My mother is a wise woman. Over the years, she has given me invaluable advice that guides me through life. This one, however, hits the hardest.
The last time I found myself vulnerable, I talked about losing faith and finding myself. If you haven’t read that post, you can find it here. I recently had a conversation with my mom about my faith and religious journey, and she had a lot to say, but she reminded me that my happiness was paramount. No matter what path I follow, I shouldn’t be afraid to leave whenever it stops bringing me joy.
The invisible chains
I think my mom’s advice is as beautiful as it is profound. Because we all grossly underestimate just how much fear holds us back. It’s like a pair of chains that keeps us rooted in one spot. Only, we can’t see them.
It could be as simple as not attending a concert and then regretting it when you see videos of all the fun people who attended had. But, on the other hand, it could be as deep as being stuck in a dead-end job because you fear reaching out for your passions and failing.
For me, fear has held me back a great deal. I wish more people talked about how scary life is for a young adult; maybe we would be better equipped to handle these anxieties. The reality is, there is so much fear holding us back; fear of disappointing the people we love, fear of not meeting our goals, fear of failure, fear of being hurt, fear of heartbreak, I could go on.
The world doesn’t make it easy either because you log on to social media and see everyone announcing the groundbreaking things they do. Yet, somewhere underneath the excitement is the lingering doubt that your people might never get to celebrate you like that.
For some of us, fear keeps us from making real connections. It is even worse when you try, and you get hurt, I would know.
For the past year, I have tried my best to live fearlessly. I loved recklessly and tried my best to put myself out there. What were the results?
For starters, I got hurt. Badly. I got disappointed. I faced so much rejection I started to wonder if I was as good as I thought. Now, this sounds terrible, and it is. But even though it felt terrible, I survived. And to be honest, I don’t regret living fearlessly. I do, however, regret the moments where I let fear trap me in cycles of unhappiness because I was not brave enough to imagine a happier ending for myself and seek it.
Living fearlessly can hurt, and that’s okay.
Look, living is rough. It is frightening. But that is how you know you are doing it right. As we grow older, opportunities will keep coming our way.

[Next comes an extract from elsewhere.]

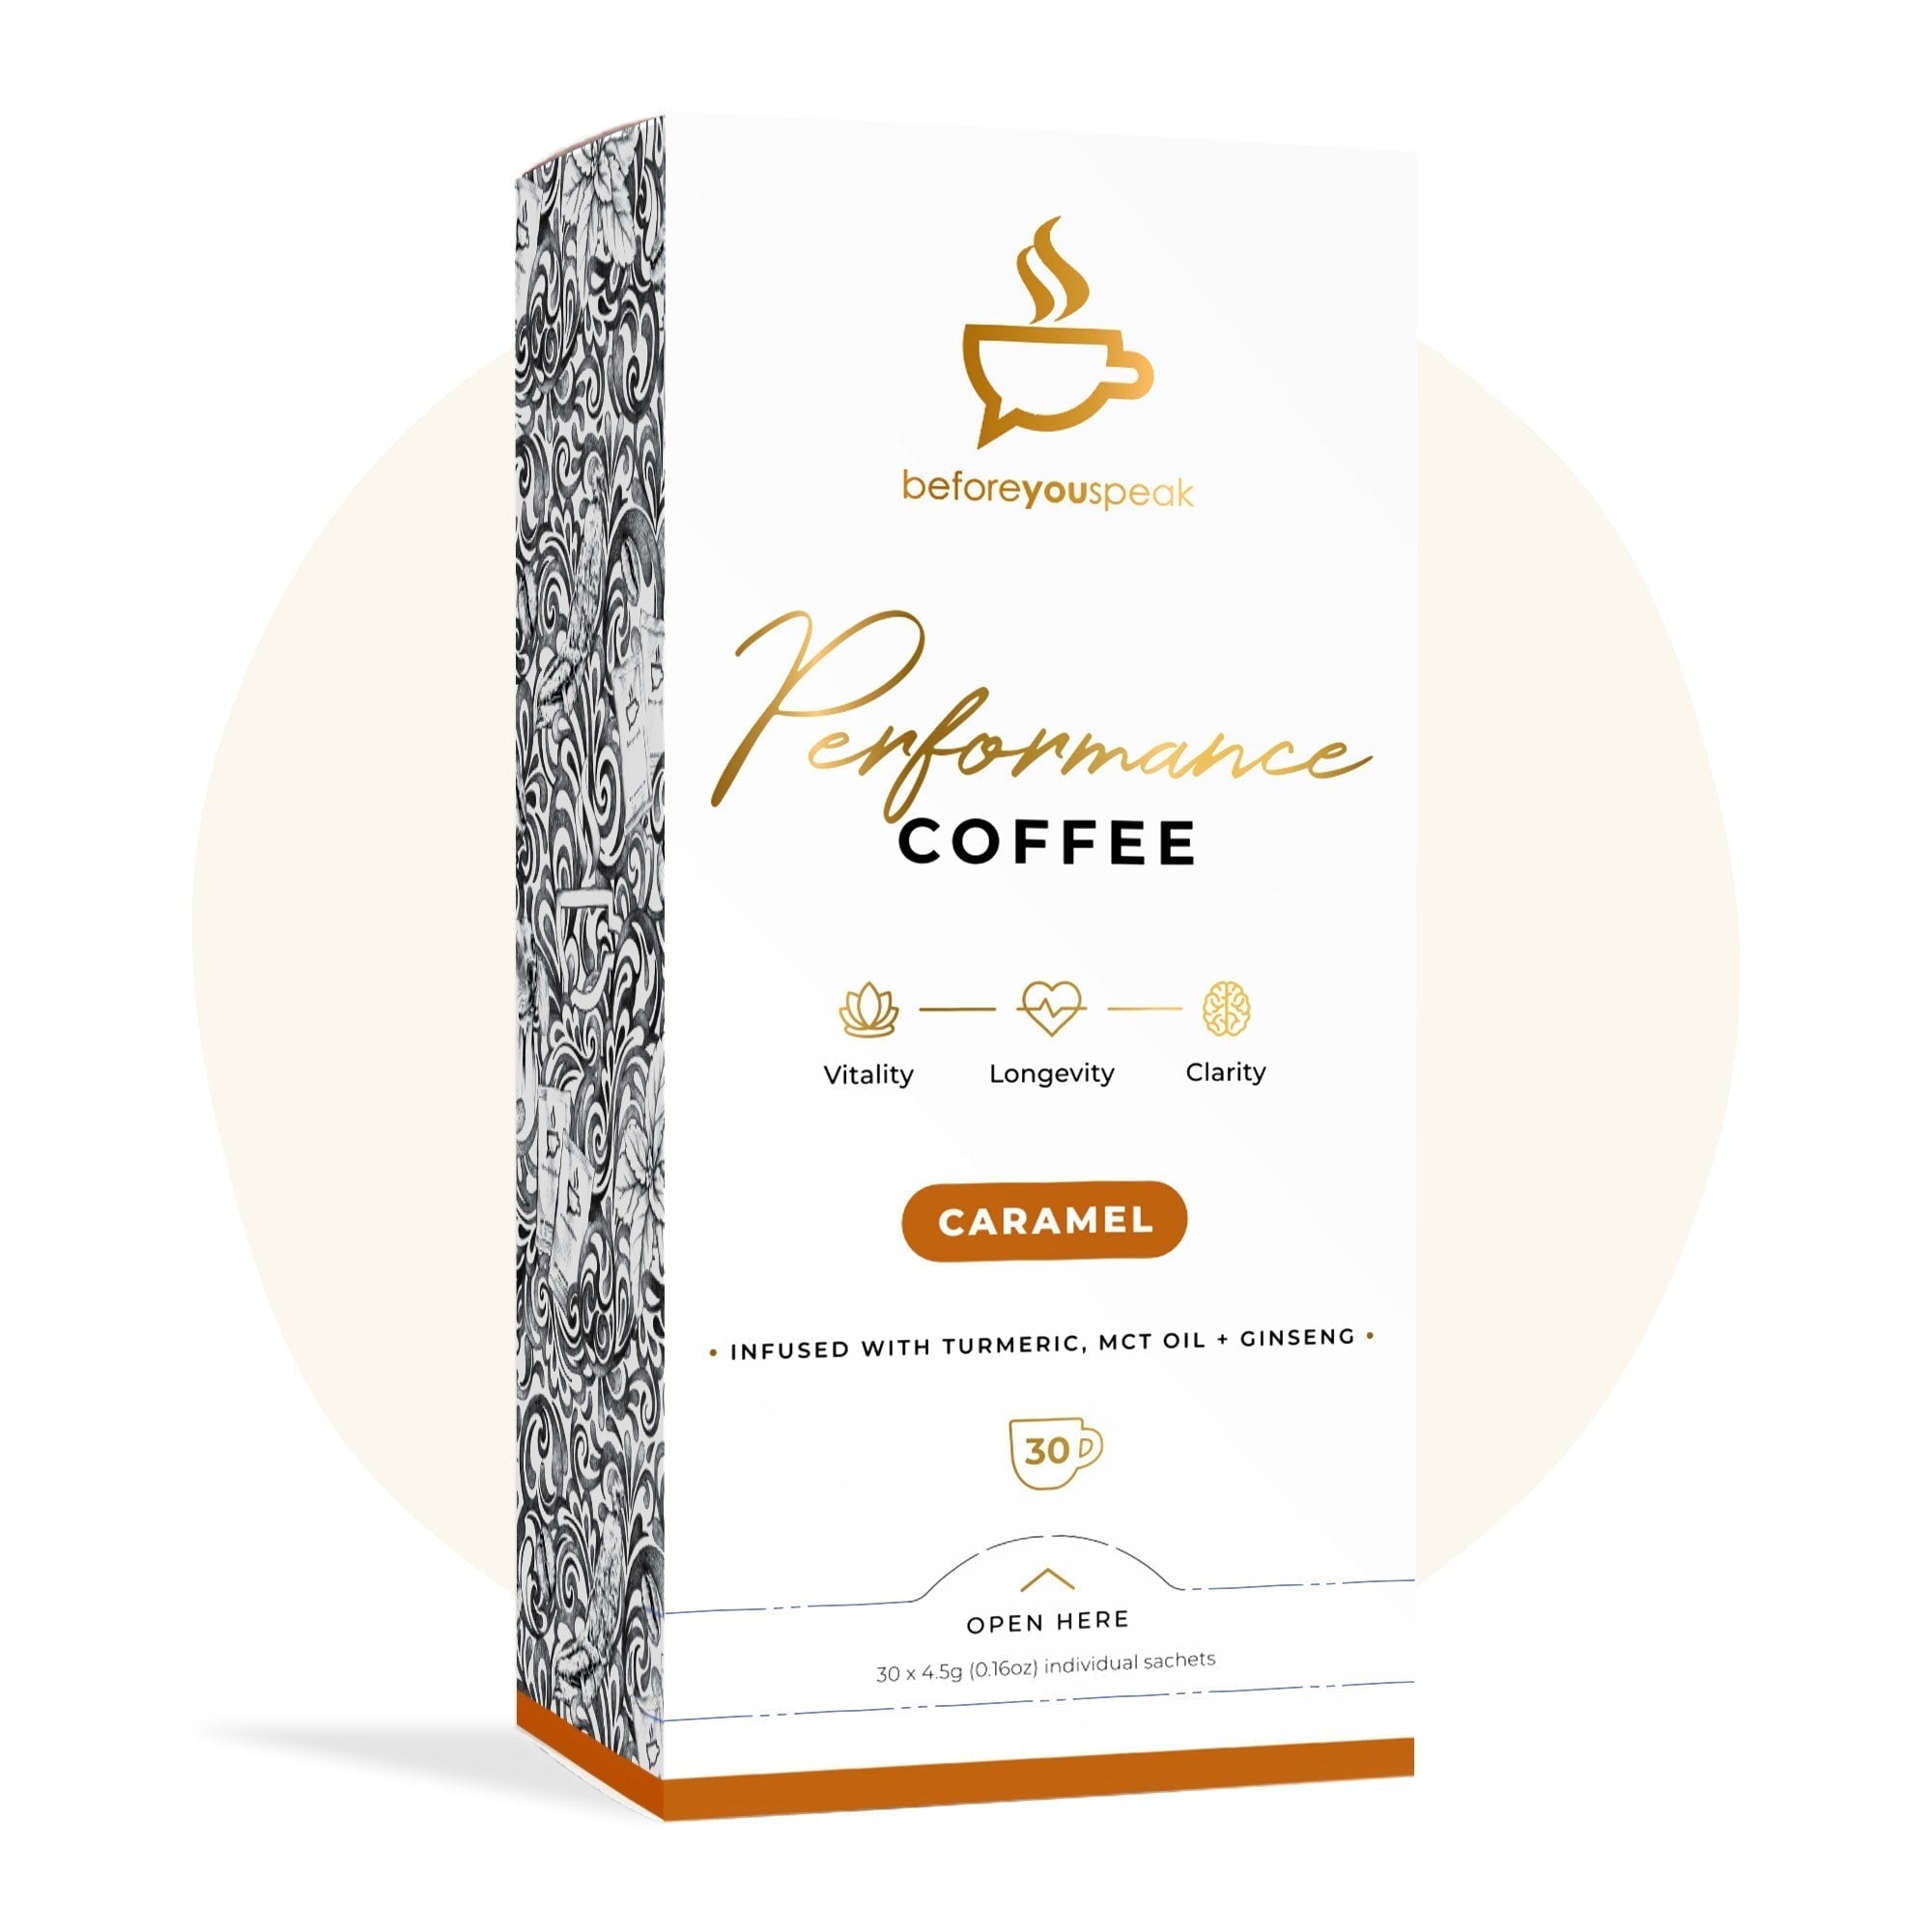 High Performance Coffee Caramel - Exquisite Laser Clinic

Brilliant opportunities. Some of these might have the potential to completely transform our lives for the better, but there is no way to tell which one it’ll be. You just have to seize them. Your youth is the best time to jump in and seize the day because there is still so much time to learn and grow. And even when it hurts, the pain does not last forever.
Just don’t be afraid to change when you no longer find joy.
It can be a beautiful thing when you take the leap and seize something that brings you peace. And understandably, you may find yourself being loud about it. And when unhappiness creeps in and pain, shame can keep you from breaking free.
Worrying about how others will perceive you, how you will live after letting go, or if you will find the next thing that will bring you that much excitement and passion; it can hold you back. Don’t let it hold you back.
Fear’s ‘wingman’: Imposter syndrome
I’m currently working in an industry I don’t know much about, which scares me. I’m also rediscovering myself after losing what I thought would be a lifelong partnership; it scares me too. I’m learning, healing, and growing at the same time. On some days, I wake up with an incredible amount of doubt.
What if I lose my job? What if they realize I am a fraud? What if I never find love again? What if I’m not as memorable as I thought I was?
When your doubt meets your imposter syndrome, it’s never fun.
Failing spectacularly at something you were almost certain would be your win can damage your confidence. Mine certainly took a hit, so I understand the fear. However, it also puts me in the best position to tell you this; feel the fear, and do it anyway.
Black Sheriff was definitely on to something.
The fear reminds you that you have something to lose, not to keep you from taking the leap. And even if you fail, so what? Who never fuck up, hands in the air. No hands? Exactly. Failure is a part of life, so trust the process.
Some things in life are hard to get, and overcoming fear is one. I don’t even think we genuinely get to overcome fear; we learn to live with it. Ignoring the doubt and accomplishing great things anyway. And let me tell you this, it gets better. I say it all the time, but it is true. A month ago, I could barely breathe; I contemplated canceling my newsletter and shutting down my blog. I could not imagine writing because I couldn’t see why anyone would want to hear what I had to say. I was drowning in fear, shame, guilt- you name it. But I am better now. And no matter how it ends, you will be better too.
So, take the leap. Apply for that job, go for that conference, go on that trip, text that person, and shoot your shot. Whatever it is that you feel has the potential to make you happy, or is already making you happy, nurture it. It could end badly, true, but it could also be that experience that completely transforms your life for the better. You won’t know unless you try, so try.
Take the leap, enjoy it, and never be afraid to leave if you no longer find joy in it.